On 29 January 2001 and 28 February 2001, on his way from Spain to Austria and Germany to Austria, he was subjected to checks by the German police. After both events criminal proceedings were instituted against the applicant.

On 10 September 2001 the Rosenheim District Court convicted him of remaining in the country illegally in both cases and sentenced him to an overall fine of 3,300 German marks (equivalent to 1,687.26 euros (EUR)). The decision was based on sections 3(1) and 92(1) of the Aliens Act (Ausländergesetz, see “Relevant domestic law” below). The court found that the exception to the requirement to hold a residence permit provided for in section 12, subsection 2(2)(a) of the Order implementing the Aliens Act (Durchführungsverordnung zum Ausländergesetz, see “Relevant domestic law” below) did not apply as the applicant’s journeys from Spain and Germany to Austria did not have a direct connection with the Netherlands, the Community Member State where the company was established.  
That, however, the court pointed out, was an implicit condition of the provision in question, as demonstrated by its genesis and its aim of preventing bogus companies being set up and as further confirmed in a statement by the Ministry of the Interior addressed to the applicant’s legal counsel on 26 October 2000. On that ground the court found that the question whether the applicant was legally employed in the Netherlands was not decisive.

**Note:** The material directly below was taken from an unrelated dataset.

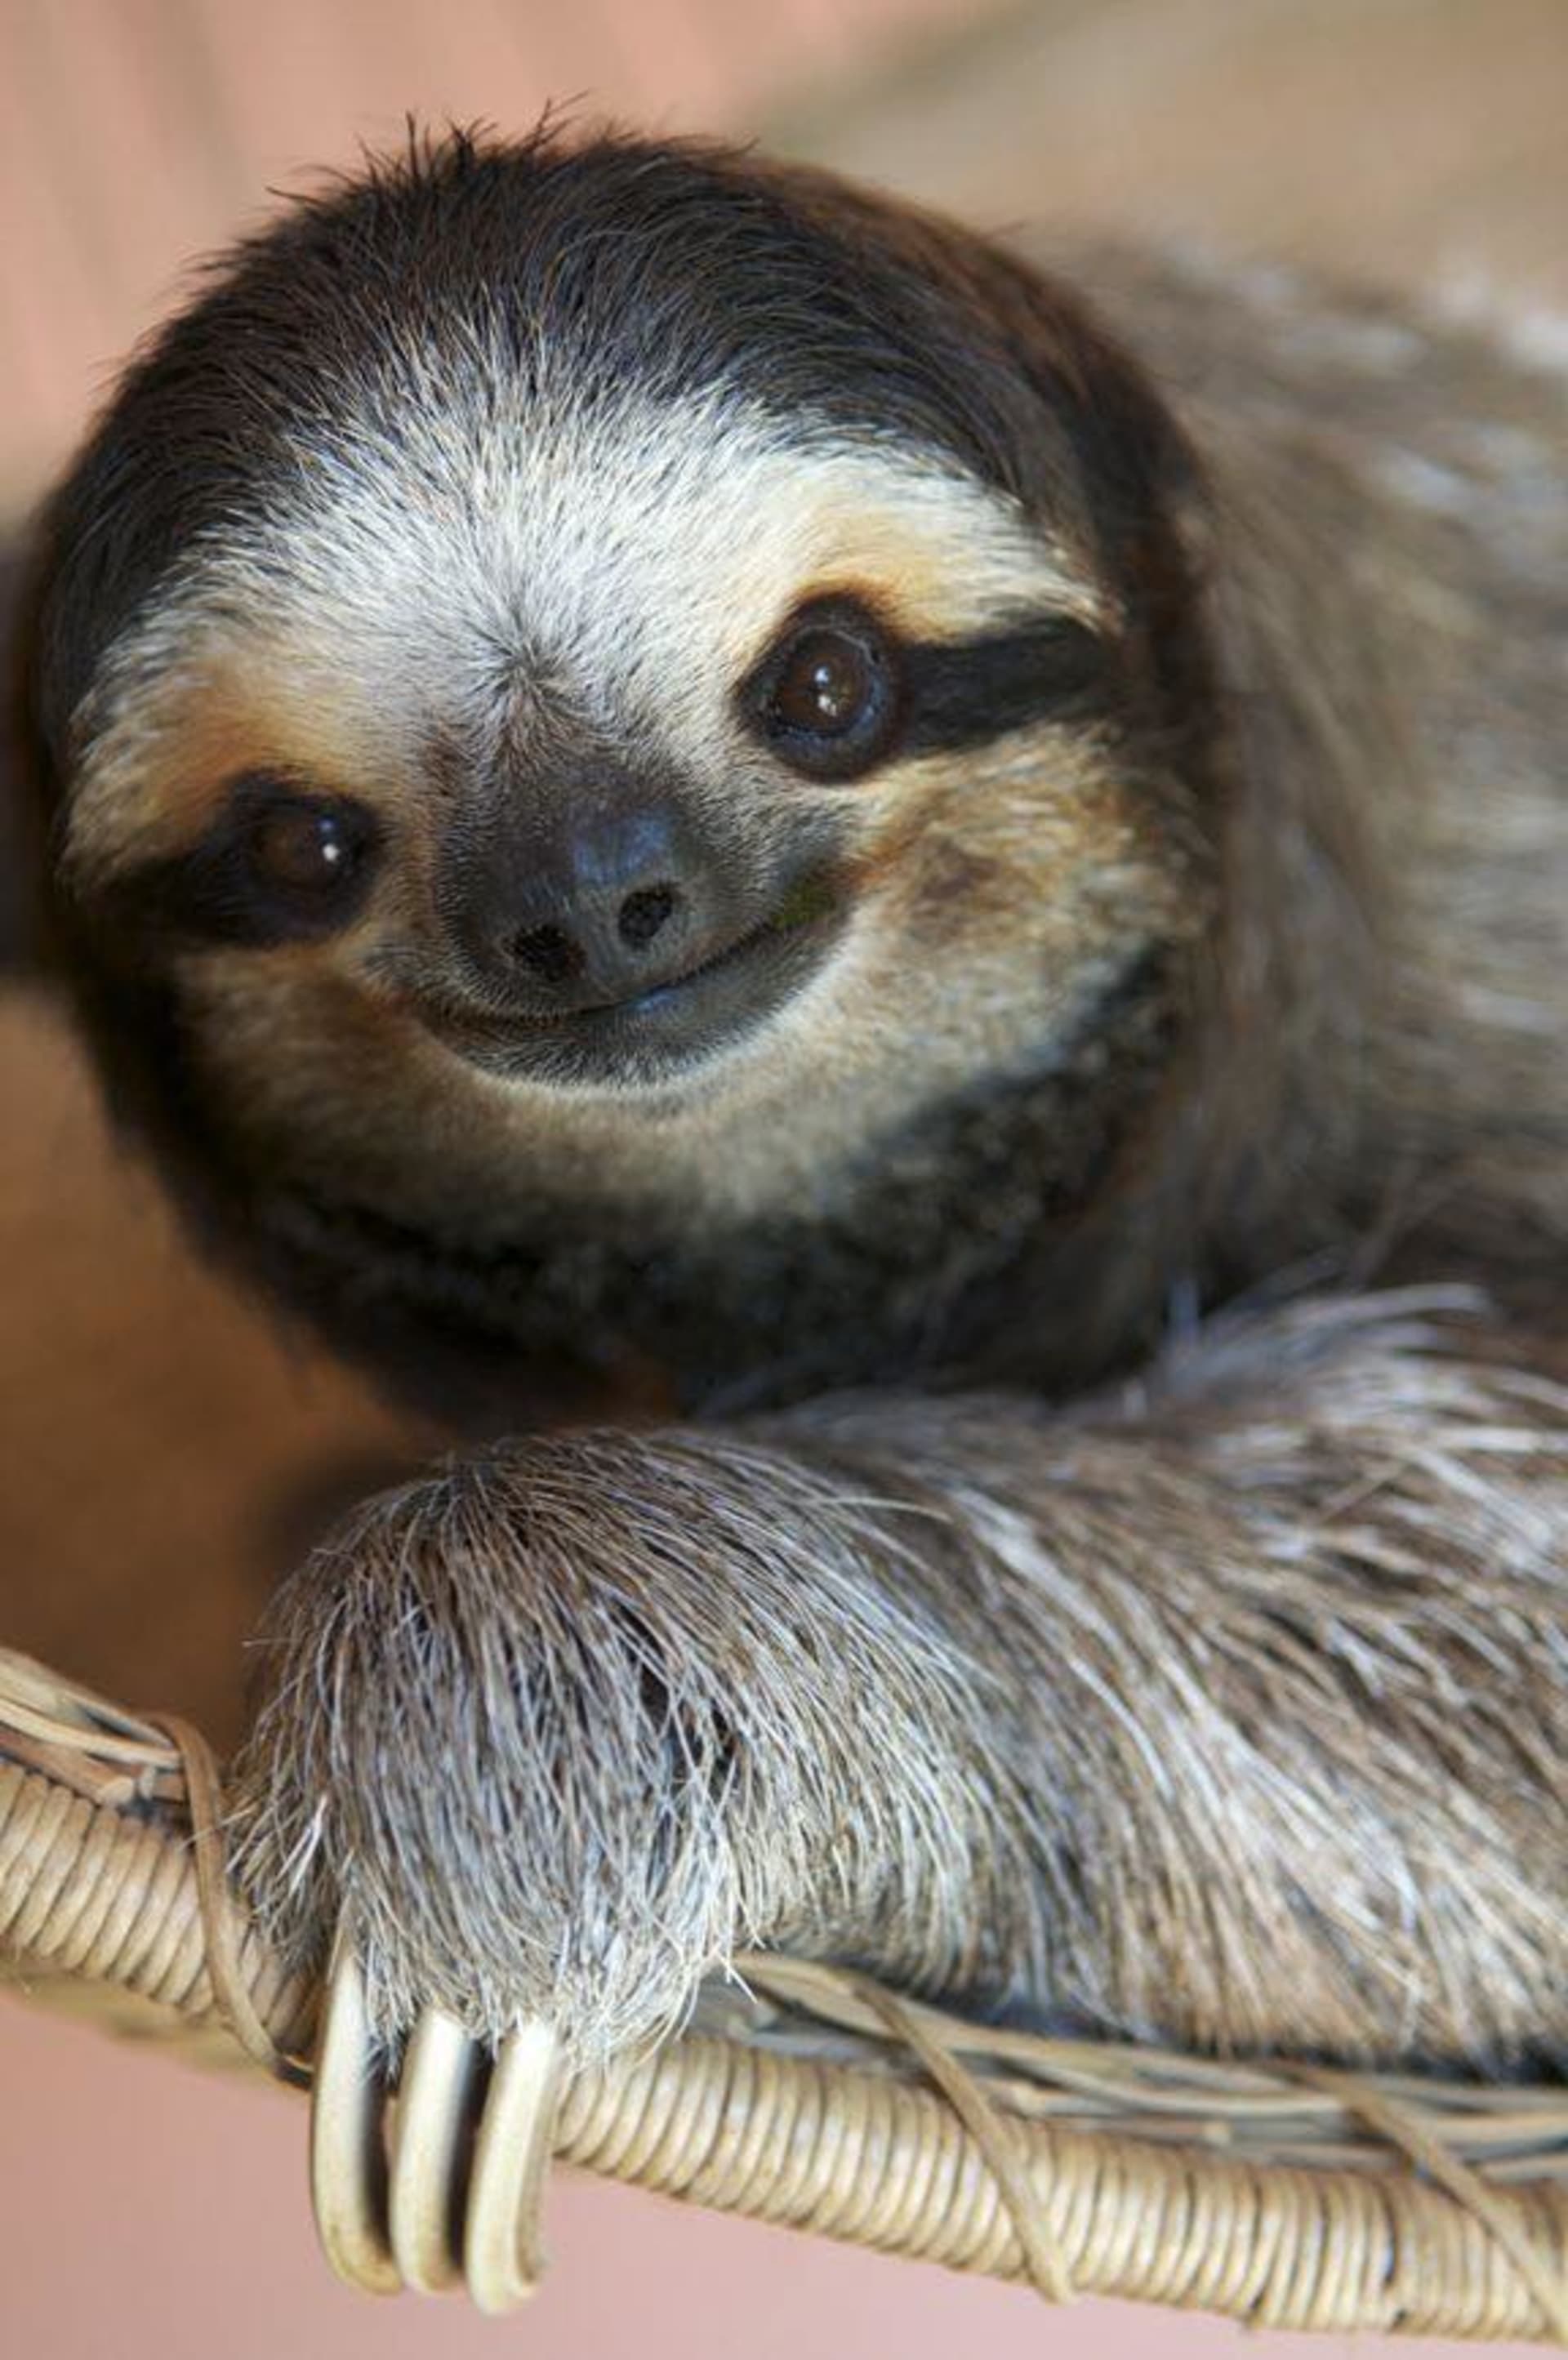 První obyvatelka azylu, Buttercup, se dožila 27 let. Zemřela loni. Zdroj: Sloth Sanctuary

It further established – referring also to the fact that information to that effect had been circulated by the authorities – that the applicant at least could have known that his actions were illegal.

On 17 December 2001 the Netherlands employment agency (Arbeidsvoorziening) issued the applicant with a work permit (Tewerkstellingsvergunning) allowing him to load and unload goods in the Netherlands. Thereafter the applicant also transported goods from and to the Netherlands.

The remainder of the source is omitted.